■ Task objective
This exercise calls for an exact copy of the listing, with no pictures kept.

■ Data section
.....

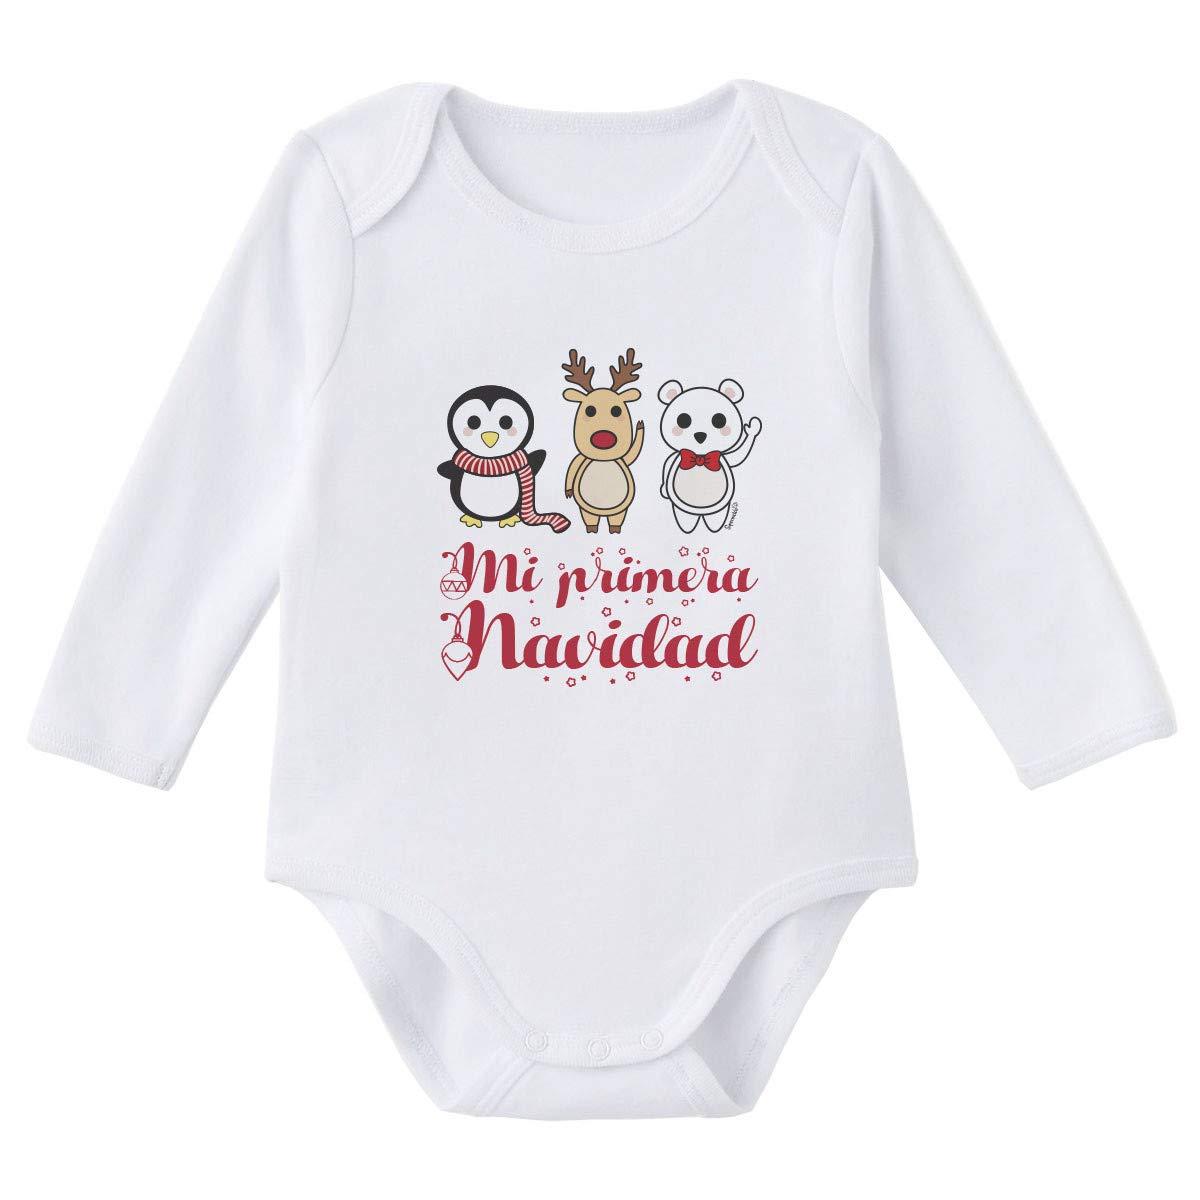 SUPERMOLON Body beb/é manga larga Mi primera Navidad Blanco algod/ón para beb/é 0-3 meses
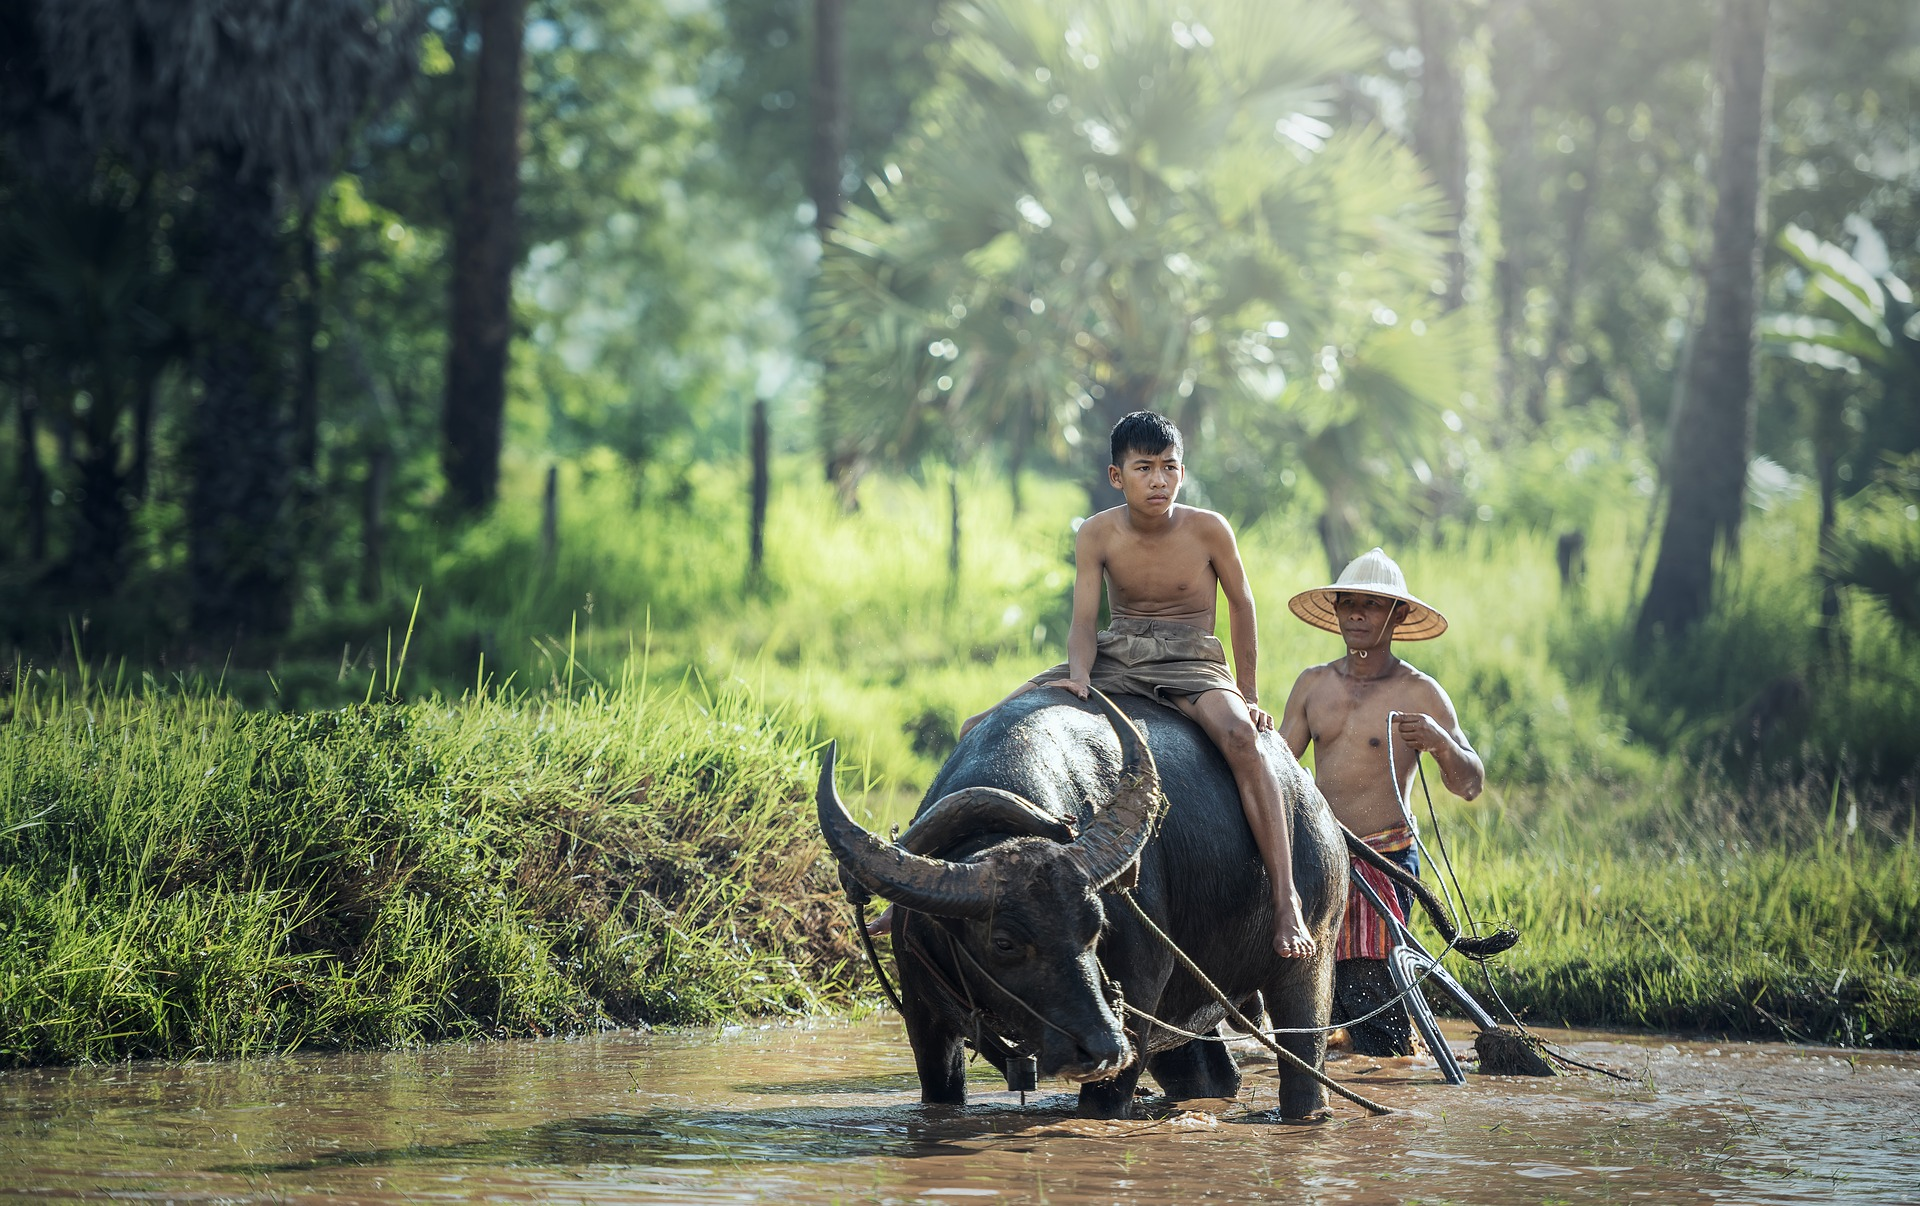 Buffalo Riding Agriculture Asia_ Cambodia_1807517_P
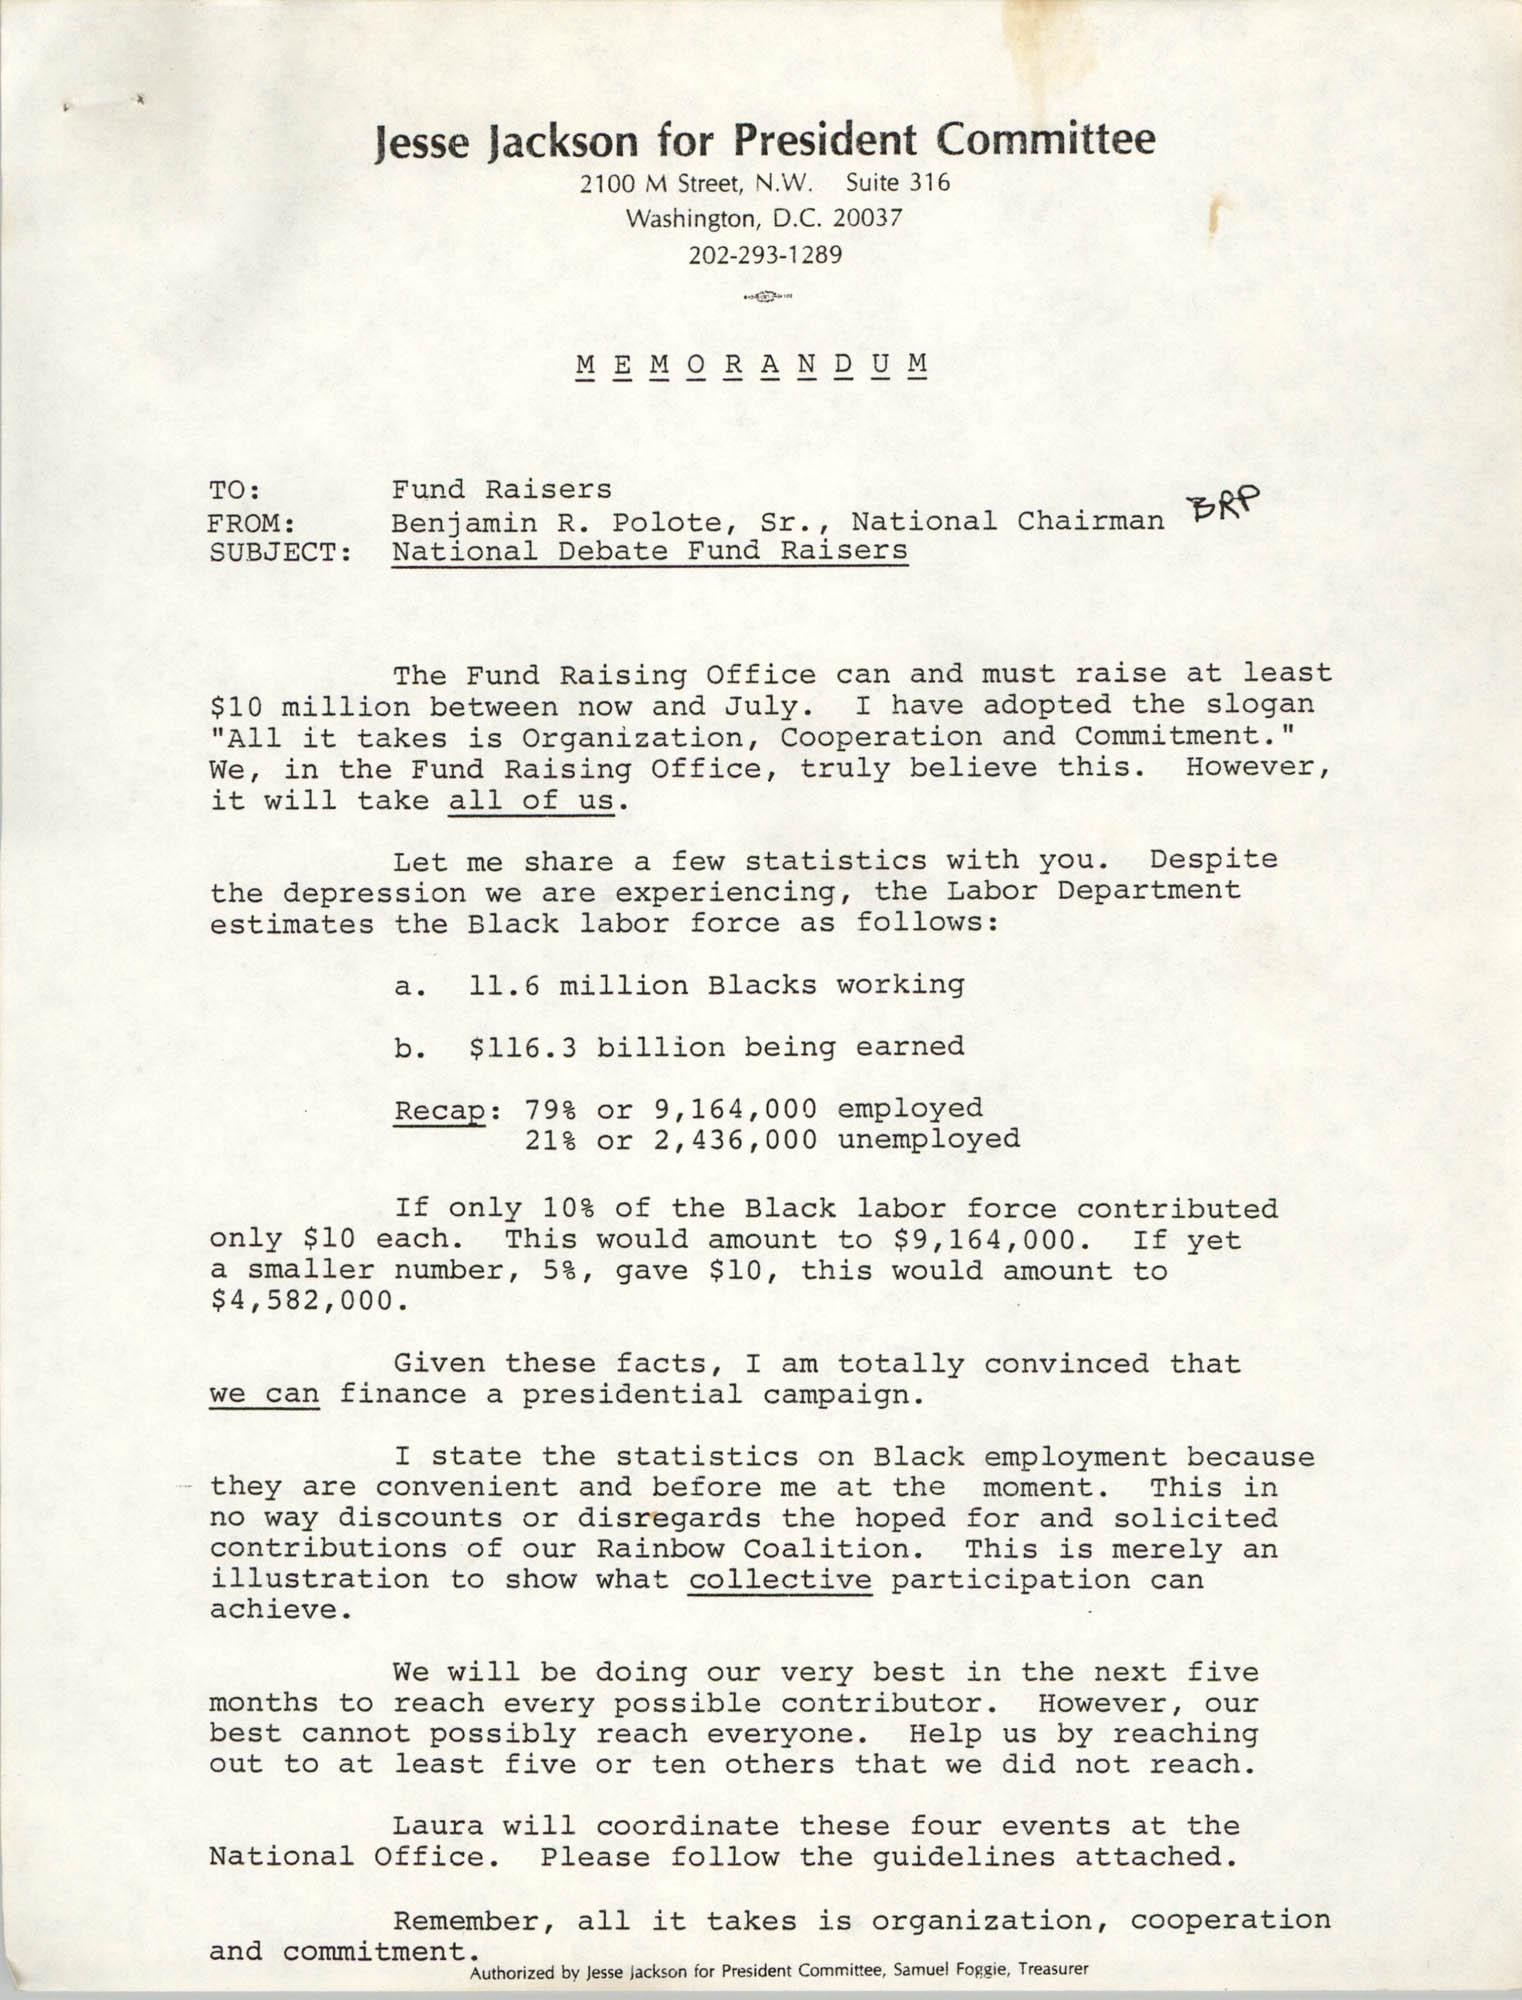 Jesse Jackson for President Committee Memorandum

.....

■ Problem solution
 SUPERMOLON Body beb/é manga larga Mi primera Navidad Blanco algod/ón para beb/é 0-3 meses
 Buffalo Riding Agriculture Asia_ Cambodia_1807517_P
 Jesse Jackson for President Committee Memorandum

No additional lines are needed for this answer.